The 30,000-square-foot center houses computer labs dedicated to World Wide Web page development, graphics and other computer disciplines, wrapped around a hub of computer groups or "pods" that are used by other academic classes daily, center coordinator Vaughn Spofford explained Tuesday.

"Teachers include periods for using these central computer pods in their lesson plans, then bring their students in for that portion of their courses," he said.

English teacher Joe Thornburg had his class researching careers in one pod Tuesday.

"They had three objectives. They had to research the the history of a job, the basics of the skills needed for it and and a major issue of the job - whether there are current issues associated with that type of employment," Thornburg said. "They're using sites like the Monster.com job board or Ask Jeeves search engine. They also took tests of their interests and skills, to see how those matched up with potential employment opportunities."

Marie Bellard teaches classes in Internet usage and Web page design. She said the fall semester Introduction to Internet course familiarized students with basic Internet usage and Web page design.

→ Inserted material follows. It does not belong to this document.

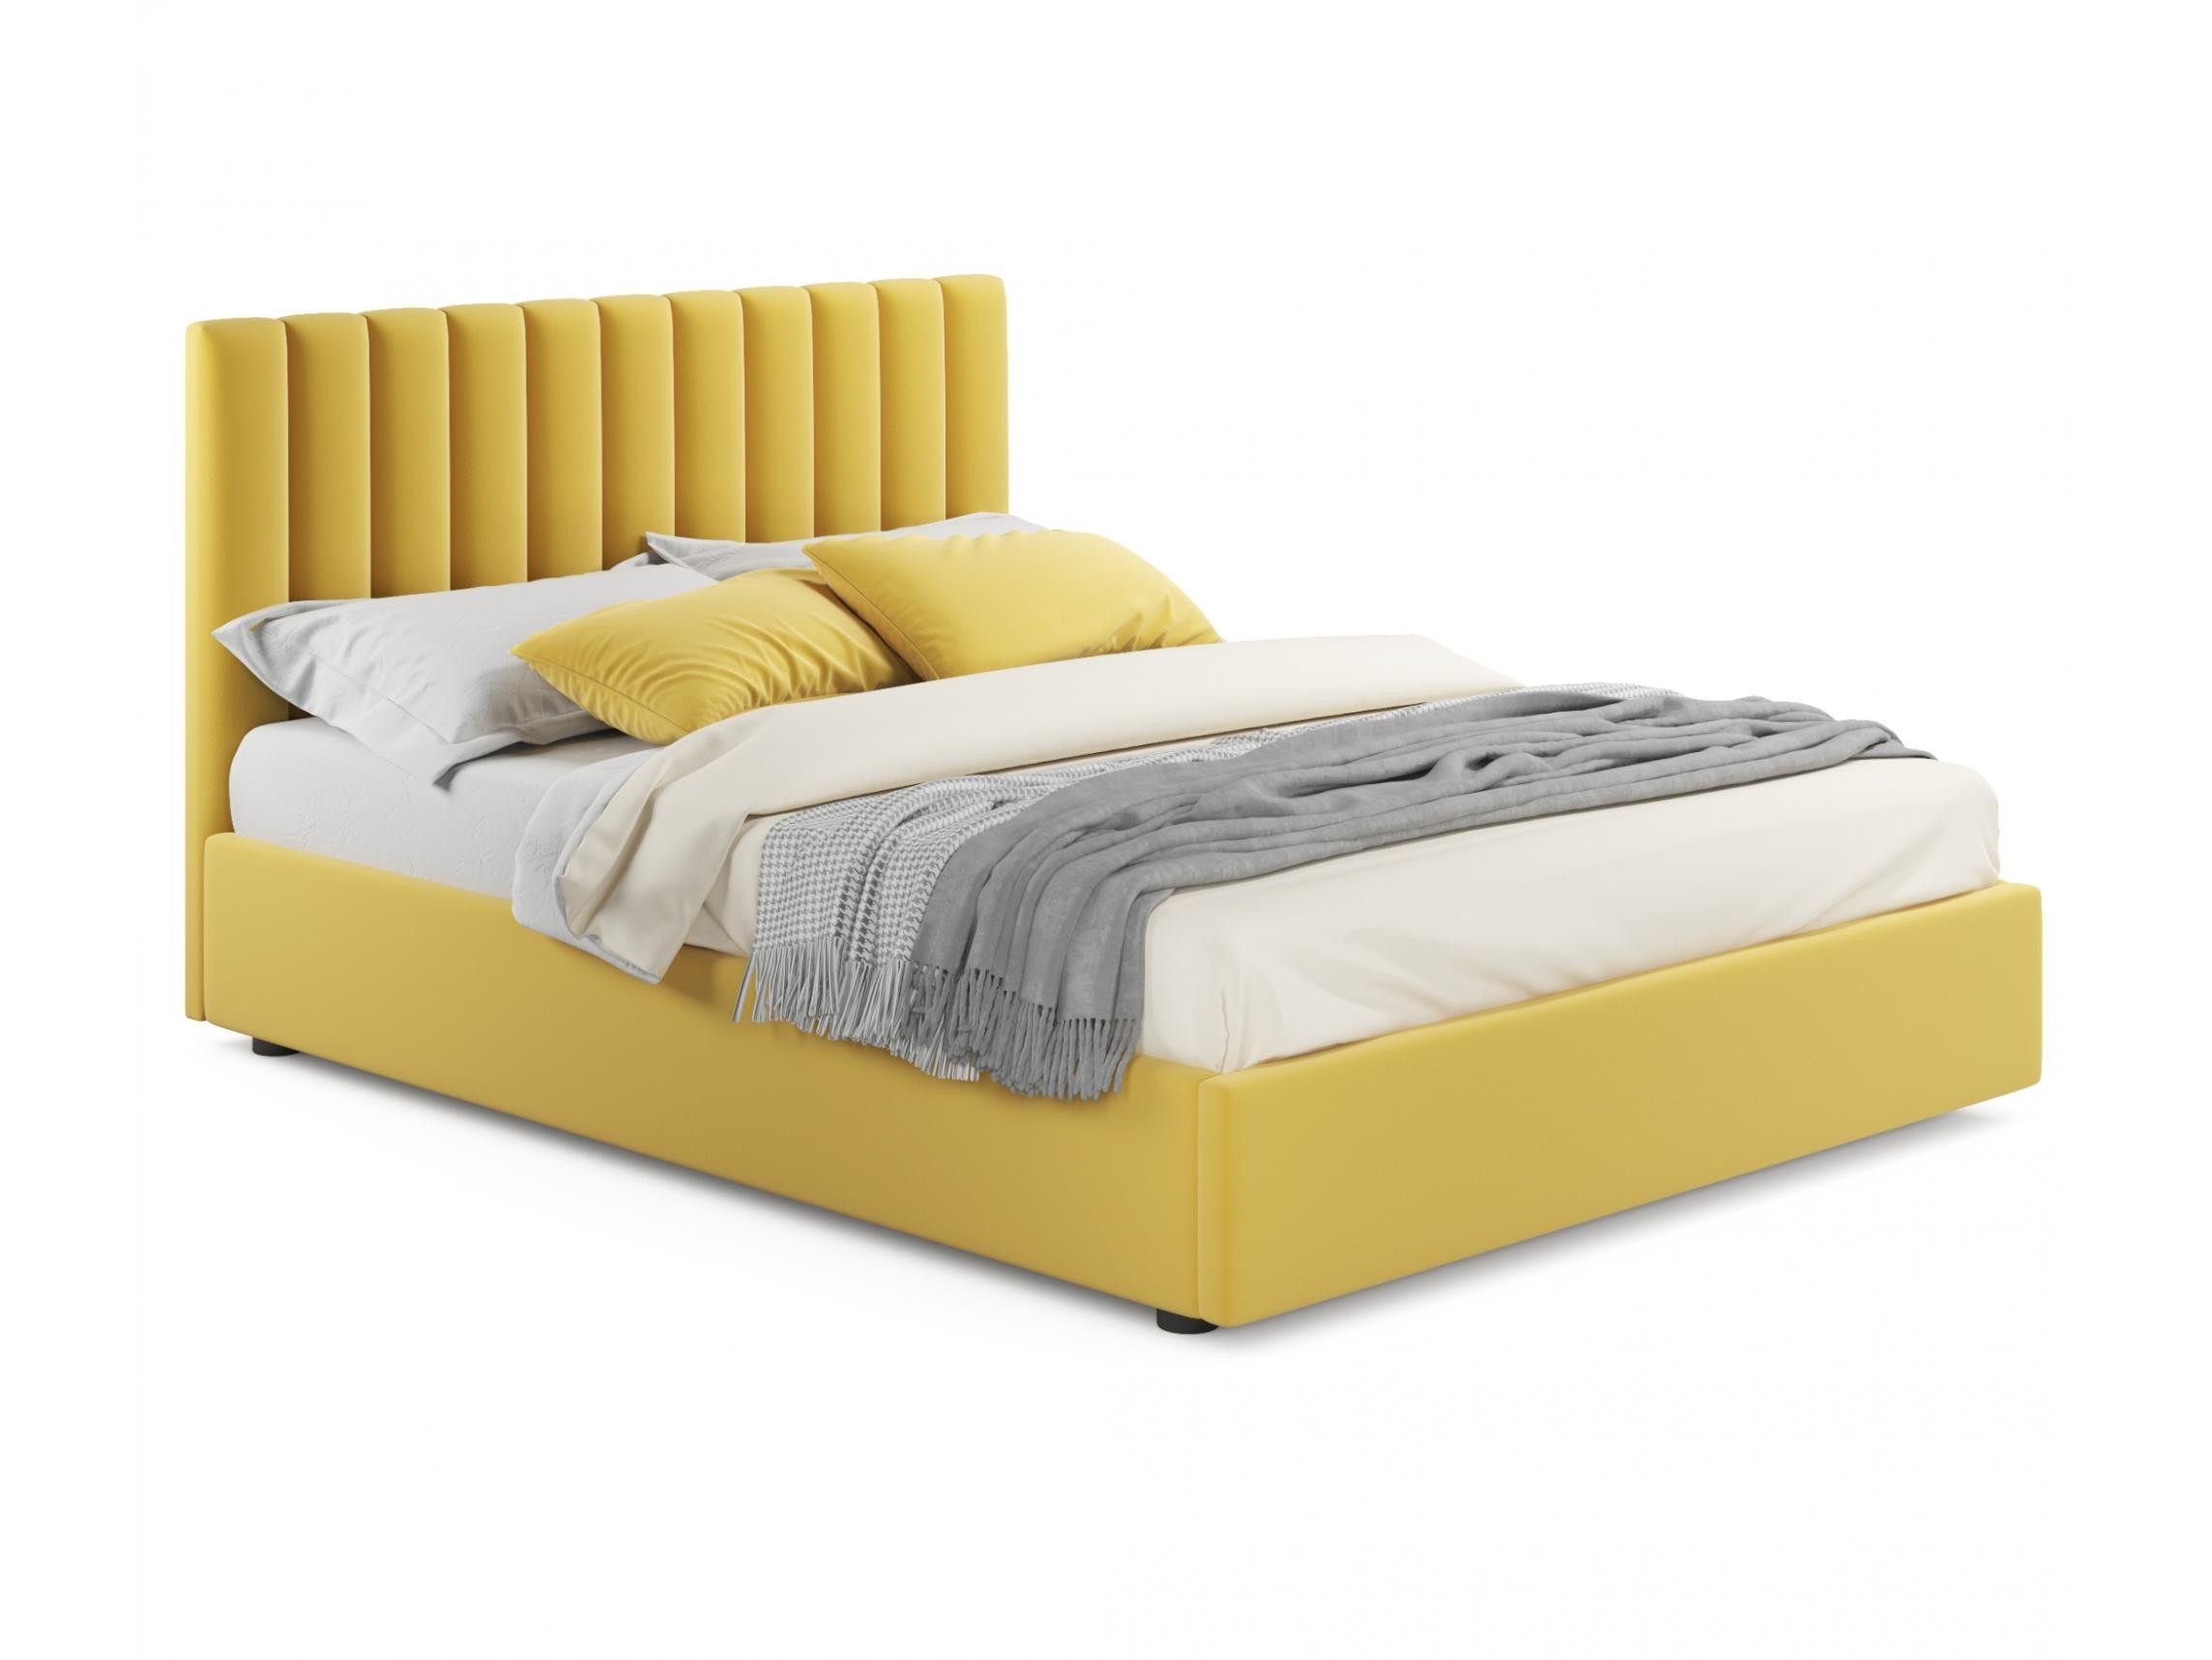 мягкая кровать olivia 1800 желтая с подъемным механизмом желтый желтый велюр дсп Мягкая кровать Olivia 1600 желтая с подъемным механизмом желтый, Желтый, Велюр, ДСП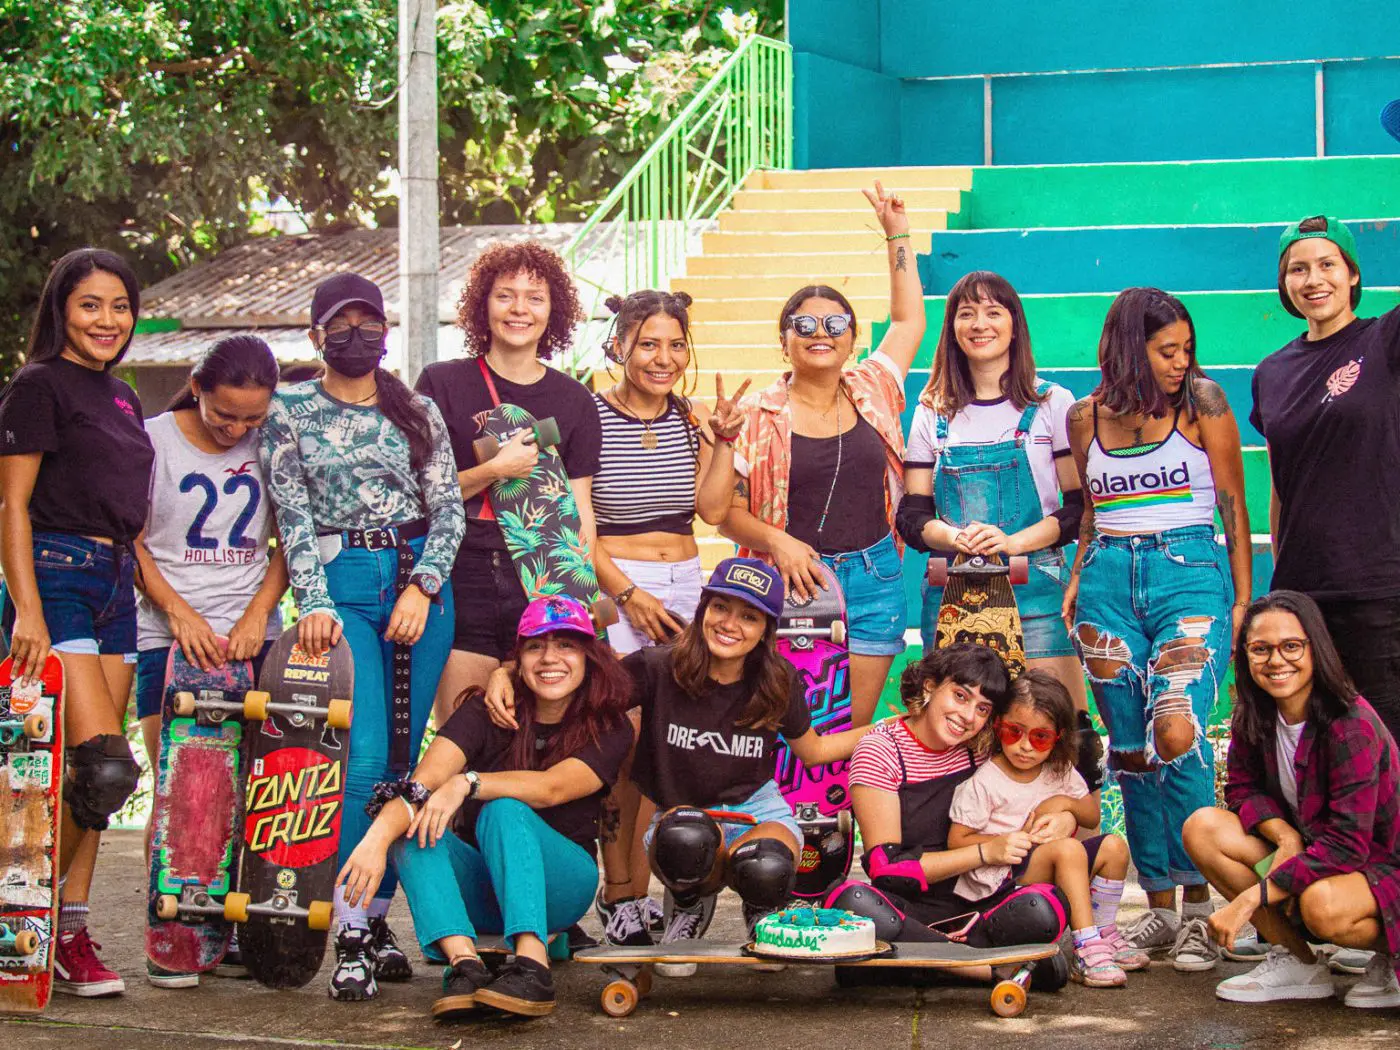 Skater Femenina contra el sexismo, empodera a las mujeres a través de la comunidad

The spring course is digging deeper into design, with students learning to write more complicated HyperText Markup Language code and to include graphics and Java code in their pages.

"They've helped to create and maintain the high school Web site (http://www.carsonhigh.source.net)," Bellard said.

"Each teacher has a page and they can give us their assignments lists to post, for instance.

"We're also planning to provide a link where the video classes will be able to post their video clips. Eventually, another possibility is a virtual tour of the high school."

Because of the joint operating agreement with the college, students who pass those two courses will have six college credits and will only have paid a $10 lab fee for each course, she said.

Spofford said the center also has 11 academic classrooms, occupied by teachers of regular curriculum courses who wanted to incorporate significant use of computers in their teaching. The teachers are from the science, mathematics, English and history department, he said.

So far this year, he said, about half of Carson High's teachers have used time, he said.